A good example of this can be found in televised appearances of a person who has a missing loved one, and has gone on television, and is involved in question and answer. If the show has any length to it at all, we are going to likely know if the subject has guilty knowledge of the missing person's plight. See Mark Redwine's appearance on The Dr. Phil Show, or the appearance of Billie Dunn on Nancy Grace, or Sergio and Becky Celis on TV.
Here is where the skill of the analyst comes into play. This is not a 7 year old without an attention span. This is not an anonymous poster boasting in a complete conclusion yet due to anonymity, cannot be called into question afterwards when the case breaks open.
Readers, pick a name.
Do not rush to a conclusion.
Do not post things as fact that you are unable to support.
Be patient by being careful to not rush to a conclusion where a statement may not suggest a conclusion. Remember that if you use a microscope to find deception, deception is not likely there.
Yes, there are times when a single sentence can yield much valuable information. Yes, this is exciting, but it is not always like that.
Be willing to be wrong.
Ignorance and arrogance is a lethal combination and is best left for bureaucrats to boast of.

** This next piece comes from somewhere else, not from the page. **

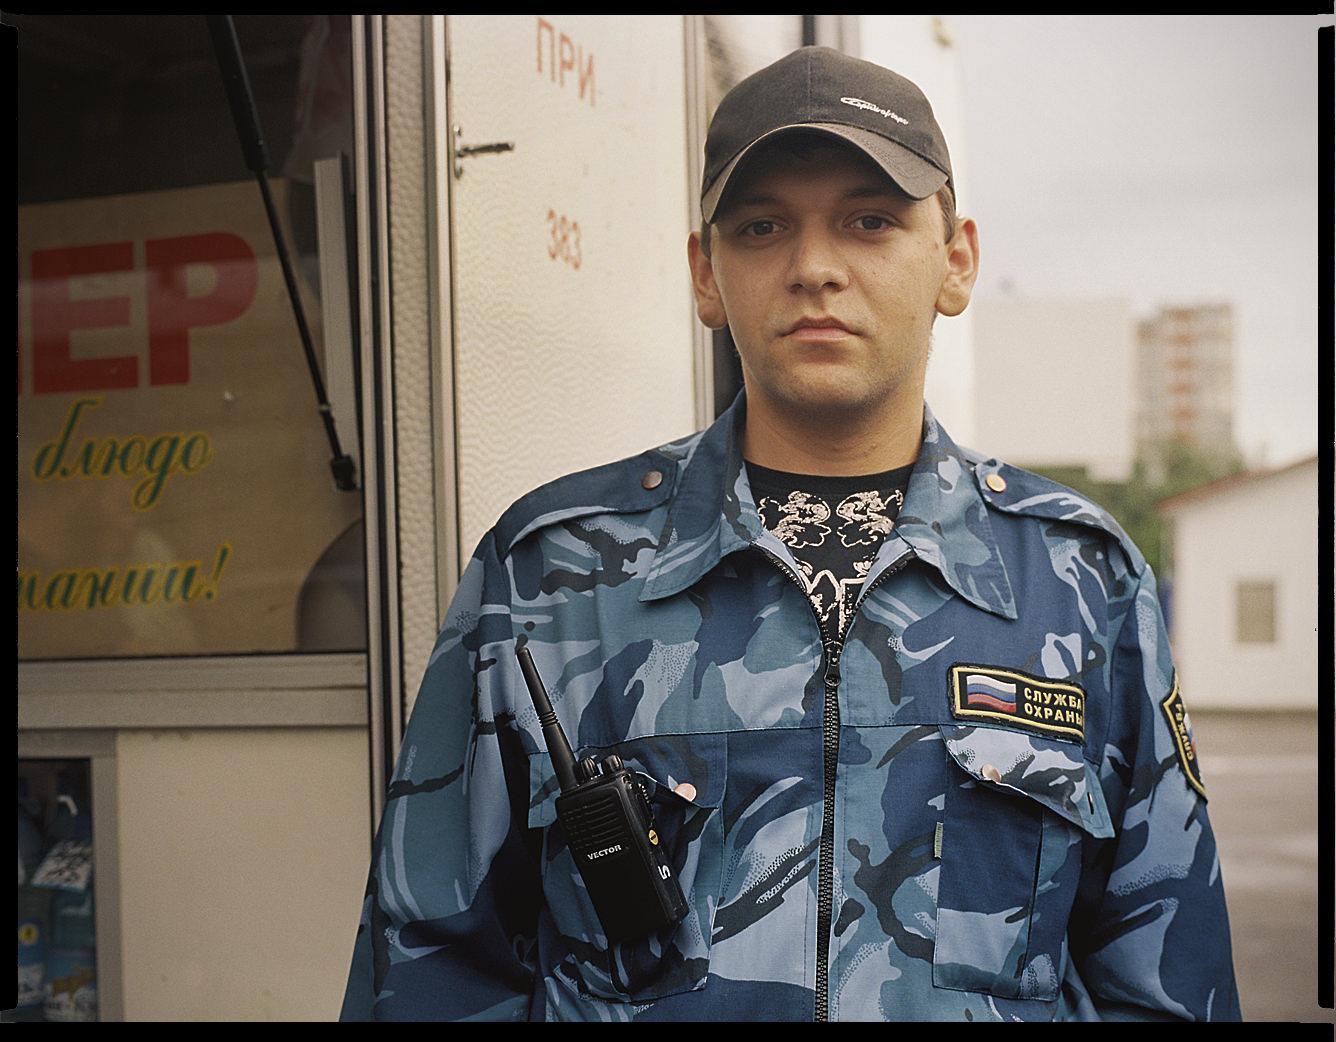 MediumFormatPatrikWallner_Krasnoyarsk_RussianCopPortraitLOWQ
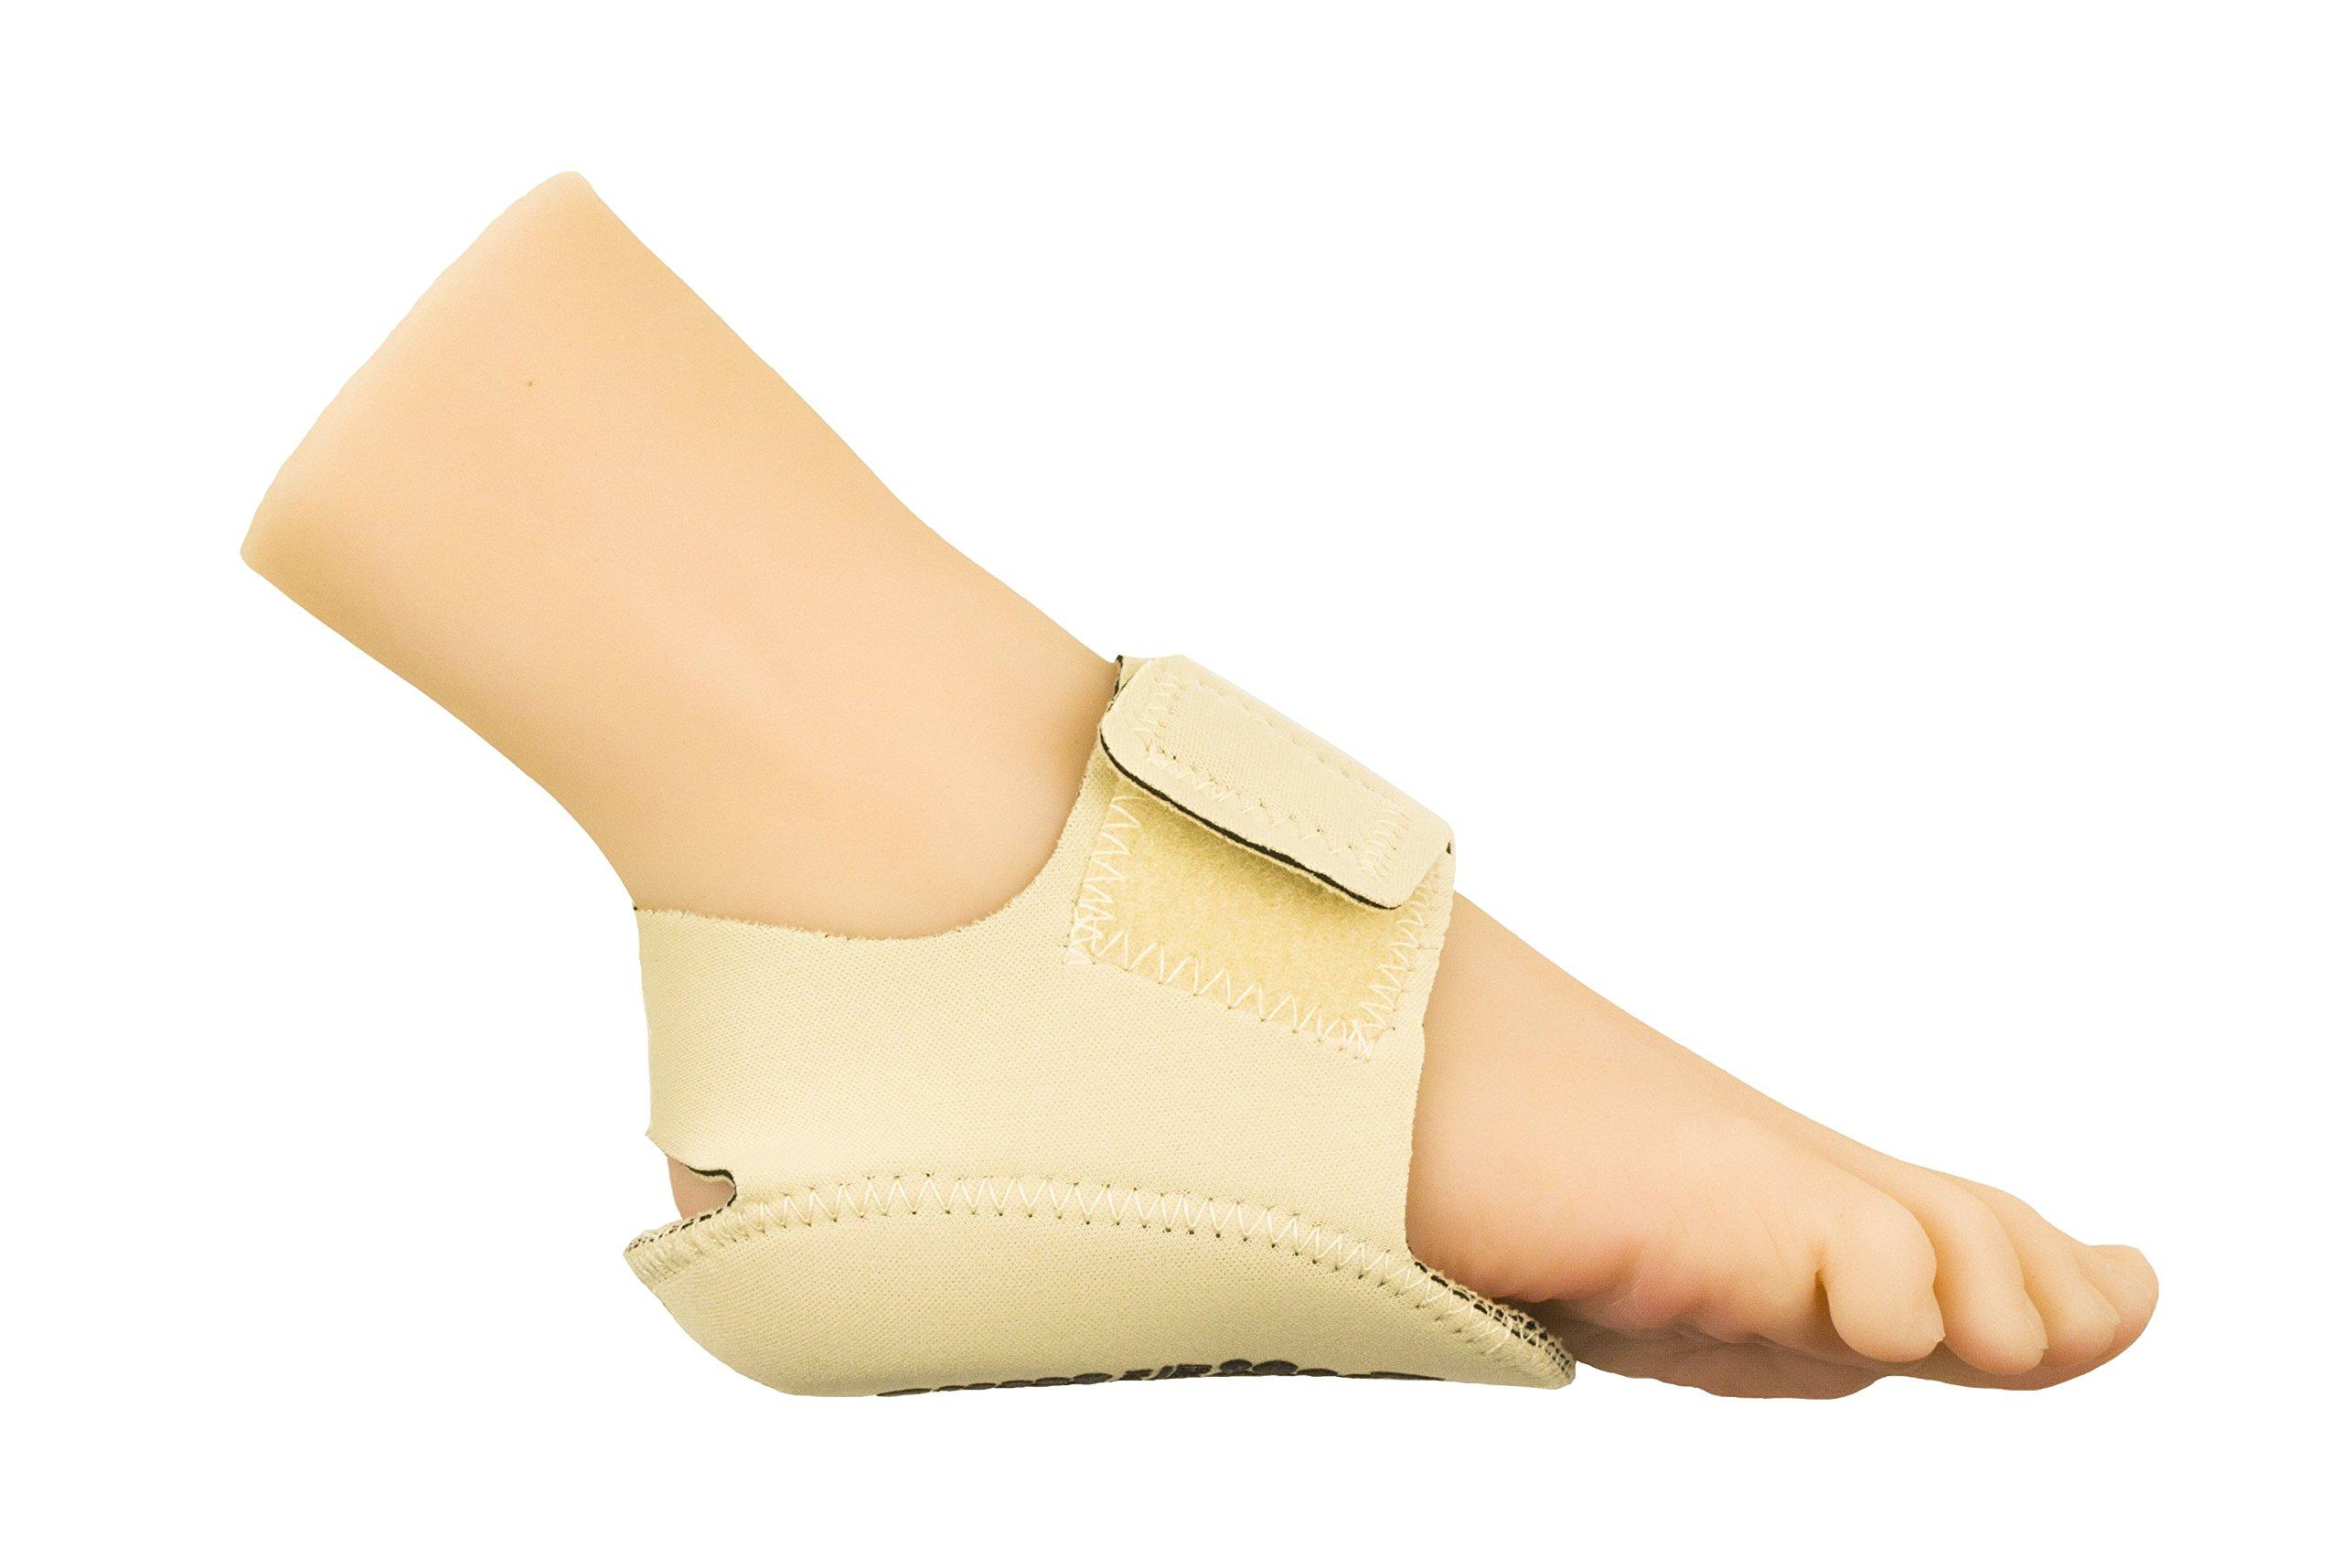 Heel That Pain Heel Seat Wraps for Plantar Fasciitis and Heel Spurs (Medium)

On "Lie To Me", the star of the show could just look at someone and know he was having an affair with someone else.
It is not so.
Police do not do well in lie detection because they think everyone's lying and will often close their minds to the very words the liar is using, that if embraced, would lead them to the truth.
It is difficult to teach a 7 year old who can't pull himself away from the instant gratification of a video game, just as it is difficult to teach a jurist who embraces, "If it don't fit, you must acquit" rather than follow through an argument.
Thinking takes work. While one is lost in a video game, another is learning through the debate club, how to consider "line upon line; precept upon precept" in thinking.
Politicians pander to the lowest common denominator. They know that a slogan is far more powerful than a complete thought.
We must not follow this thin and beggarly manner here, even in our comments.
Lie detection is hard work, based upon simple principles, stitched cohesively together.
Stop, yield, proceed with caution.
Be willing to be wrong, so that you can be right.
Familiarity with the language of humility can go a long way in life.